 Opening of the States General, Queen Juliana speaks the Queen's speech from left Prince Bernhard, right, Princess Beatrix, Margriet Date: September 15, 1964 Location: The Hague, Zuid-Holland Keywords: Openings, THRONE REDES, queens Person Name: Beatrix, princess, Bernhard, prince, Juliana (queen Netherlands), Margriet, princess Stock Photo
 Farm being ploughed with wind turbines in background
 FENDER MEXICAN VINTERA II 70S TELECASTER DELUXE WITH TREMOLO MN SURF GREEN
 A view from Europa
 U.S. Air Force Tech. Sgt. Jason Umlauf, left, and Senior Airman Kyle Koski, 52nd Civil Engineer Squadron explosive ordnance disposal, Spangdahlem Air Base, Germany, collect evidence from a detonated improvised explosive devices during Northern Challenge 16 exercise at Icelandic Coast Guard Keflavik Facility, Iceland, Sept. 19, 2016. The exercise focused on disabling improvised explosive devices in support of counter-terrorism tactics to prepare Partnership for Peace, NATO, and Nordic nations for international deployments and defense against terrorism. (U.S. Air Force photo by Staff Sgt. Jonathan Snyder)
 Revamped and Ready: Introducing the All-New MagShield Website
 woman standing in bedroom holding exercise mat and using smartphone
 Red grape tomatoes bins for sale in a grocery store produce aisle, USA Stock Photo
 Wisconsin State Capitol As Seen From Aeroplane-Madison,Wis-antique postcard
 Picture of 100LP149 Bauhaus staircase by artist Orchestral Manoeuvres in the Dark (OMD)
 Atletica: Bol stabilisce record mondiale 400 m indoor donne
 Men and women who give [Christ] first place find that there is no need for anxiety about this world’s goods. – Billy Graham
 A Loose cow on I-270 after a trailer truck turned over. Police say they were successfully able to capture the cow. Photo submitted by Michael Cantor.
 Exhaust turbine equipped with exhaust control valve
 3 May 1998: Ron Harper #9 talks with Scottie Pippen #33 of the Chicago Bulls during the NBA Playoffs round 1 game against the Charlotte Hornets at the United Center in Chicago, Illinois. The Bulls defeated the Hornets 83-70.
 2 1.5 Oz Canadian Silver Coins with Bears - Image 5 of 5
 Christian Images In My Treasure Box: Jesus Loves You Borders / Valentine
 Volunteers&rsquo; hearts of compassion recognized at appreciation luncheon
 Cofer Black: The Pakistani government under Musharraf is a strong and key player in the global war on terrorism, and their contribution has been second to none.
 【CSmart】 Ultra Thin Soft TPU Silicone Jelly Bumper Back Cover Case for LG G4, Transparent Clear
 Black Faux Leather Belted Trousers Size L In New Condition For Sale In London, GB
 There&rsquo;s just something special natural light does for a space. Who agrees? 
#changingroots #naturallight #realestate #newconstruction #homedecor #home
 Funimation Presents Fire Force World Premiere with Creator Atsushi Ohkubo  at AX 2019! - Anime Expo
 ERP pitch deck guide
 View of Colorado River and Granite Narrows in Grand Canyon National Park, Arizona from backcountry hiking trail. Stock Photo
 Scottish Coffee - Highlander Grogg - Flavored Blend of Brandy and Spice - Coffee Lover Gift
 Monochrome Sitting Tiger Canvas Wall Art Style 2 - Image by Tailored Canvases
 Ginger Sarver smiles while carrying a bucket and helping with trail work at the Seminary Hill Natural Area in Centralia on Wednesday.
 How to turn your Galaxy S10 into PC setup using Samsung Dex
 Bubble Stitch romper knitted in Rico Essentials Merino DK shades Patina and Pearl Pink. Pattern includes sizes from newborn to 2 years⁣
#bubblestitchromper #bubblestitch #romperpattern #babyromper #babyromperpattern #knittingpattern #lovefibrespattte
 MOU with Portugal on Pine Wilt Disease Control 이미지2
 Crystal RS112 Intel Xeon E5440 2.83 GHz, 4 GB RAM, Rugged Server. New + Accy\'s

..............................

* EXERCISE BRIEF: The data above should be returned exactly as written.

* REPLY:
 Opening of the States General, Queen Juliana speaks the Queen's speech from left Prince Bernhard, right, Princess Beatrix, Margriet Date: September 15, 1964 Location: The Hague, Zuid-Holland Keywords: Openings, THRONE REDES, queens Person Name: Beatrix, princess, Bernhard, prince, Juliana (queen Netherlands), Margriet, princess Stock Photo
 Farm being ploughed with wind turbines in background
 FENDER MEXICAN VINTERA II 70S TELECASTER DELUXE WITH TREMOLO MN SURF GREEN
 A view from Europa
 U.S. Air Force Tech. Sgt. Jason Umlauf, left, and Senior Airman Kyle Koski, 52nd Civil Engineer Squadron explosive ordnance disposal, Spangdahlem Air Base, Germany, collect evidence from a detonated improvised explosive devices during Northern Challenge 16 exercise at Icelandic Coast Guard Keflavik Facility, Iceland, Sept. 19, 2016. The exercise focused on disabling improvised explosive devices in support of counter-terrorism tactics to prepare Partnership for Peace, NATO, and Nordic nations for international deployments and defense against terrorism. (U.S. Air Force photo by Staff Sgt. Jonathan Snyder)
 Revamped and Ready: Introducing the All-New MagShield Website
 woman standing in bedroom holding exercise mat and using smartphone
 Red grape tomatoes bins for sale in a grocery store produce aisle, USA Stock Photo
 Wisconsin State Capitol As Seen From Aeroplane-Madison,Wis-antique postcard
 Picture of 100LP149 Bauhaus staircase by artist Orchestral Manoeuvres in the Dark (OMD)
 Atletica: Bol stabilisce record mondiale 400 m indoor donne
 Men and women who give [Christ] first place find that there is no need for anxiety about this world’s goods. – Billy Graham
 A Loose cow on I-270 after a trailer truck turned over. Police say they were successfully able to capture the cow. Photo submitted by Michael Cantor.
 Exhaust turbine equipped with exhaust control valve
 3 May 1998: Ron Harper #9 talks with Scottie Pippen #33 of the Chicago Bulls during the NBA Playoffs round 1 game against the Charlotte Hornets at the United Center in Chicago, Illinois. The Bulls defeated the Hornets 83-70.
 2 1.5 Oz Canadian Silver Coins with Bears - Image 5 of 5
 Christian Images In My Treasure Box: Jesus Loves You Borders / Valentine
 Volunteers&rsquo; hearts of compassion recognized at appreciation luncheon
 Cofer Black: The Pakistani government under Musharraf is a strong and key player in the global war on terrorism, and their contribution has been second to none.
 【CSmart】 Ultra Thin Soft TPU Silicone Jelly Bumper Back Cover Case for LG G4, Transparent Clear
 Black Faux Leather Belted Trousers Size L In New Condition For Sale In London, GB
 There&rsquo;s just something special natural light does for a space. Who agrees? 
#changingroots #naturallight #realestate #newconstruction #homedecor #home
 Funimation Presents Fire Force World Premiere with Creator Atsushi Ohkubo  at AX 2019! - Anime Expo
 ERP pitch deck guide
 View of Colorado River and Granite Narrows in Grand Canyon National Park, Arizona from backcountry hiking trail. Stock Photo
 Scottish Coffee - Highlander Grogg - Flavored Blend of Brandy and Spice - Coffee Lover Gift
 Monochrome Sitting Tiger Canvas Wall Art Style 2 - Image by Tailored Canvases
 Ginger Sarver smiles while carrying a bucket and helping with trail work at the Seminary Hill Natural Area in Centralia on Wednesday.
 How to turn your Galaxy S10 into PC setup using Samsung Dex
 Bubble Stitch romper knitted in Rico Essentials Merino DK shades Patina and Pearl Pink. Pattern includes sizes from newborn to 2 years⁣
#bubblestitchromper #bubblestitch #romperpattern #babyromper #babyromperpattern #knittingpattern #lovefibrespattte
 MOU with Portugal on Pine Wilt Disease Control 이미지2
 Crystal RS112 Intel Xeon E5440 2.83 GHz, 4 GB RAM, Rugged Server. New + Accy\'s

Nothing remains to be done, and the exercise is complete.